Acceleration Theory: Momentum, Catalyst and Optimality
Nesterov's method (1983) is mysterious: why "overshoot" the update point? Why does it work? Three interpretations: momentum (inertia), polynomial approximation, and geometric (estimate sequence). Modern theory provides a unified framework explaining acceleration through lower bound matching.
Catalyst shows that **acceleration is an outer wrapper** applicable to any algorithm. This is similar to how Adam is not a new algorithm but SGD with adaptive scaling. Modern understanding: Nesterov's acceleration is the optimal way to 'accumulate' gradient information in black-box first-order methods. Nemirovsky-Yudin lower bounds + Nesterov upper bounds = the complete picture of optimality.

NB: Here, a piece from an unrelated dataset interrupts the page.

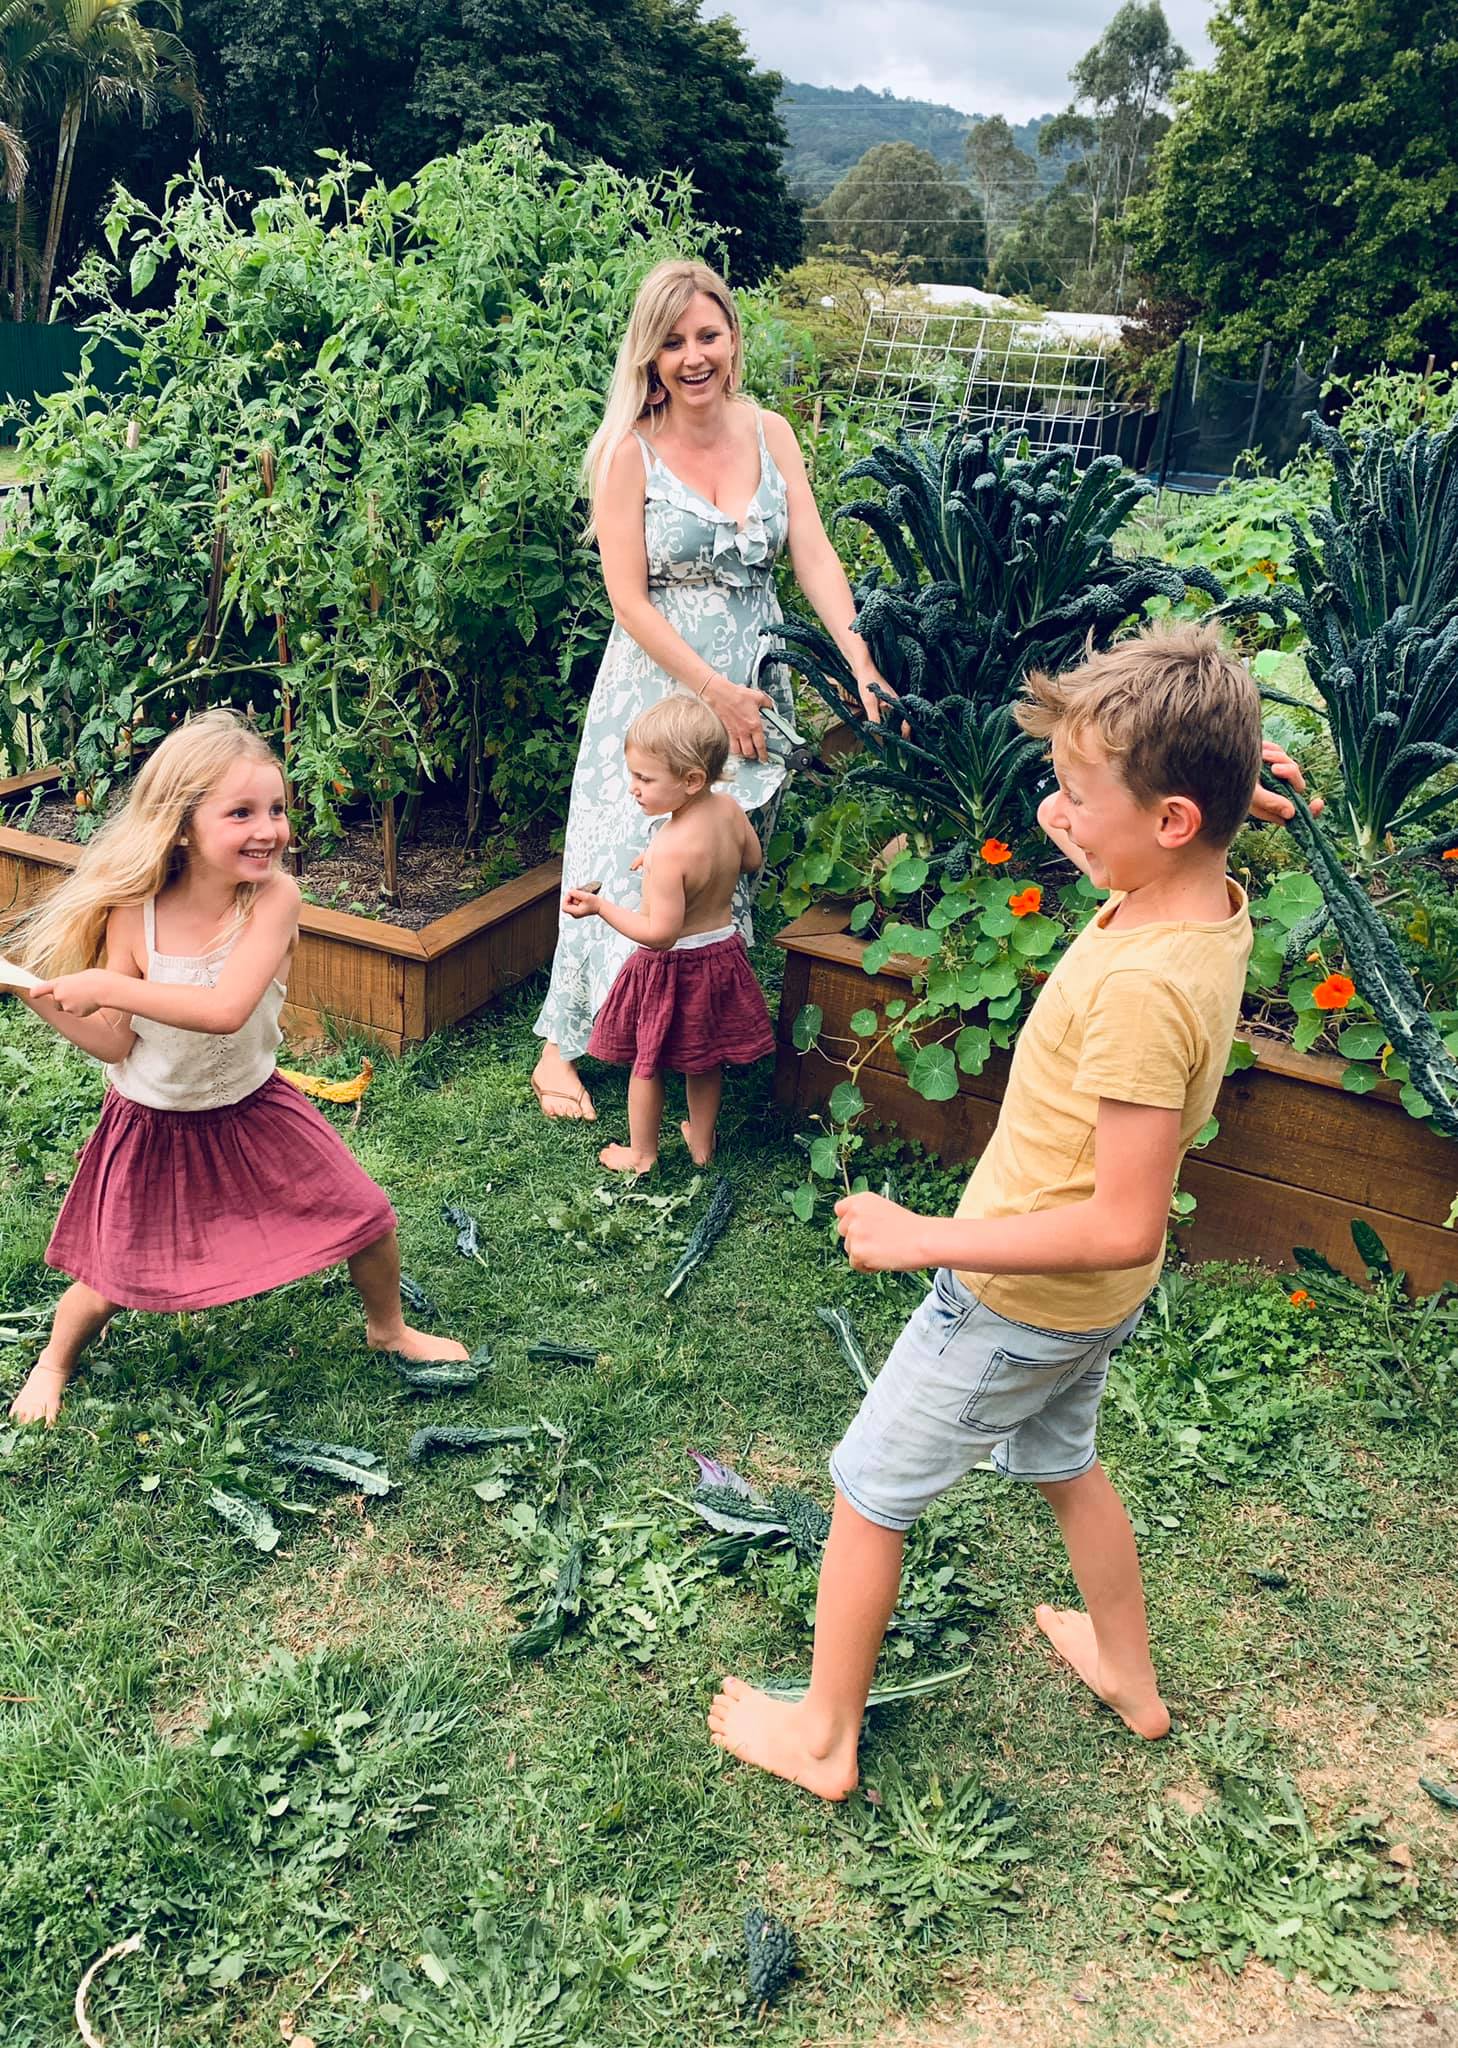 Cuộc sống chỉ có tiếng cười và sự an yên của người mẹ cùng 4 đứa trẻ bên khu vườn ở quê xanh mát quanh năm - Ảnh 5.

Catalyst framework accelerates SVRG from O(n + nκ) to O(n + √(nκ)·log(1/ε)). How is this possible if Nesterov's lower bound is already tight?
Key Ideas
- **Convergence rates**: GD = O(1/k) for convex, O(e^{-k/κ}) for strongly convex; Nesterov = O(1/k²) and O(e^{-k/√κ}), optimal
- **Nemirovsky-Yudin lower bounds**: Ω(1/k²) for convex, Ω(e^{-k/√κ}) for strongly convex, no black-box first-order method is faster
- **SGD convergence**: O(1/√k) for convex, O(1/k) for strongly convex; Variance Reduction (SVRG, SAGA) restores linear rate
- **Catalyst**: universal acceleration framework for any first-order method to reach optimal finite-sum complexity
Related Topics
Convergence theory is the foundation of the entire convex optimization course:
- Optimization on Manifolds — Riemannian GD converges at O(1/k) for geodesically convex functions, the Riemannian analogue of convergence theorems
- Optimization in Reinforcement Learning — TRPO and PPO have theoretical monotonic policy improvement guarantees, consequences of trust region and surrogate objective
- Federated Optimization — FedAvg and FedProx convergence theorems are direct consequences of SGD theory with heterogeneous loss functions
Вопросы для размышления
- Why do Nemirovsky-Yudin lower bounds apply only to black-box methods, and how does structural knowledge about a problem help circumvent them?
- If Nesterov's method is optimal, why does Adam outperform it in practice for neural network training?
- Can randomization fundamentally change complexity lower bounds, or are they identical for deterministic and randomized methods?